Novel 1,2,4-triazole-tethered indolin-2-one congeners were designed based on the key structural features of the anti-VEGFR-2 drug, Sunitinib. These molecules were synthesized, characterized and biologically appraised for their anti-neoplastic activities against PANC1 and HepG2 cell lines. The synthesized indolin-2-one derivatives displayed moderate to potent anti-tumor activity, with IC₅₀ values ranging from 0.17 to 4.29 µM for PANC1 and 0.58 to 4.49 µM for HepG2. The conducted SAR analysis revealed enhanced anti-cancer activity of the N-substituted indolin-2-one derivatives over the N-unsubstituted ones (with exception of compound 14b).
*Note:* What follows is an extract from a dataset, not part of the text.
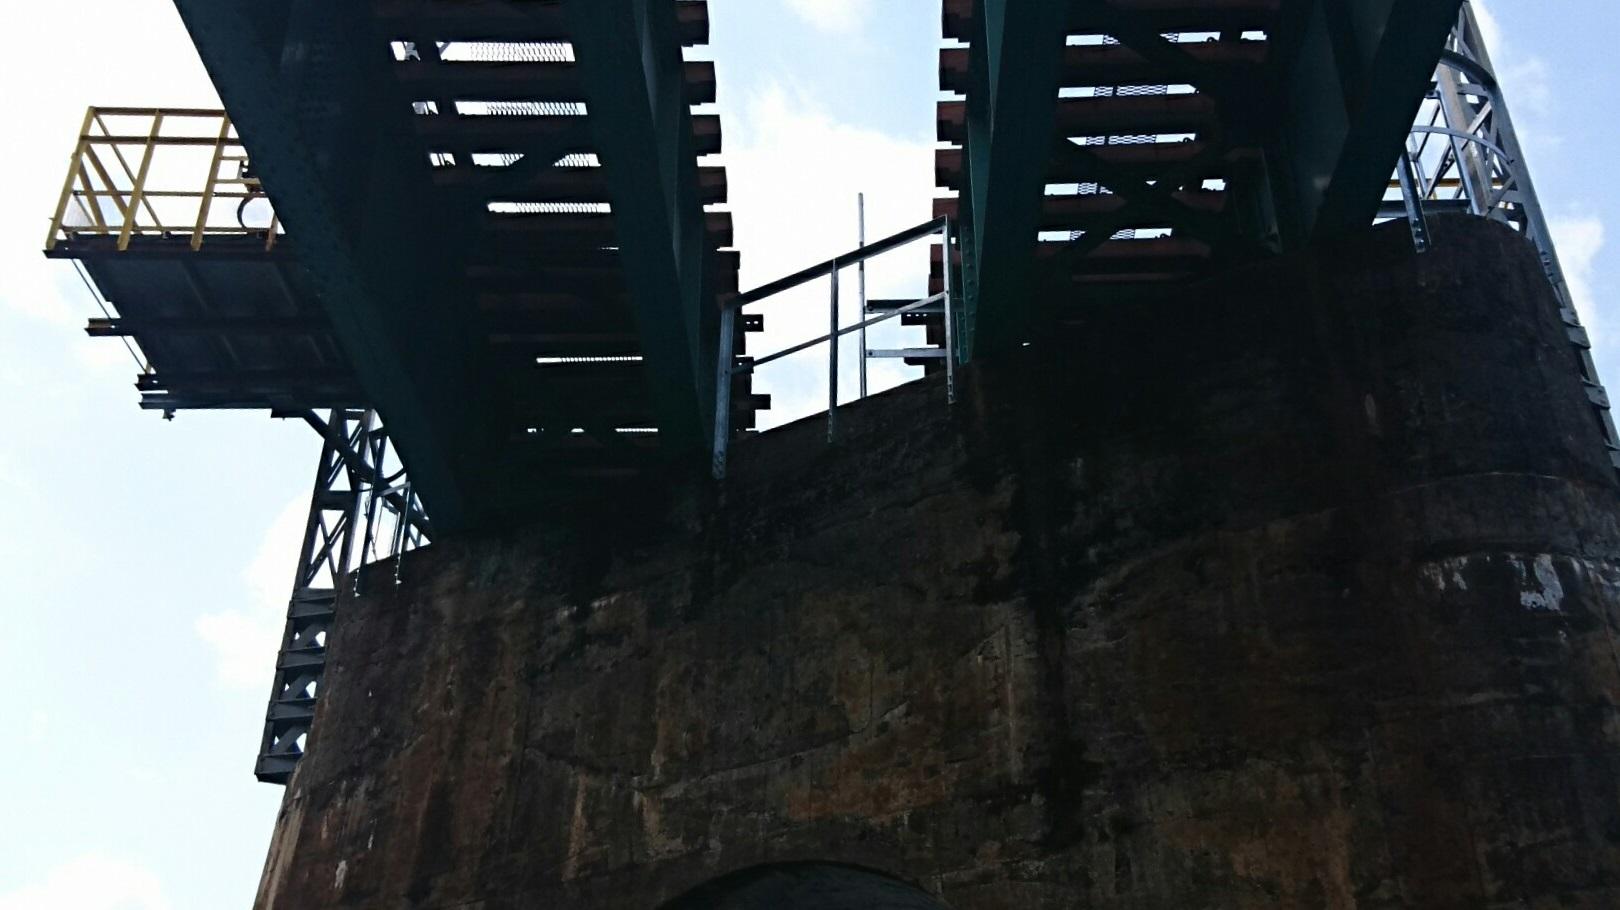 2018.3.31 岡崎ふなあそび (26) くだり - 名古屋本線鉄橋 1620-910

The potent analogs 11e, 11d, 11g, 11k and 14c showed excellent VEGFR-2 inhibition in vitro (IC₅₀ ranged from 16.3 to 119.6 nM). Interestingly, Compound 11d (IC₅₀ = 16.3 nM) emerged as the most active analog with superior activity over Sorafenib (IC₅₀ = 29.7 nM). The in silico ADME study revealed the underlying drug-likeness of the synthesized compounds. Finally, the molecular docking study conducted for compound 11d illustrating the binding mode and interactions with the active site greatly supports the biological results. The preceding findings strongly promote the optimization of 1,2,4-triazole-indolin-2-one hybrids for further discharging of novel VEGFR-2 inhibitors with substantial targeted anti-cancer activity.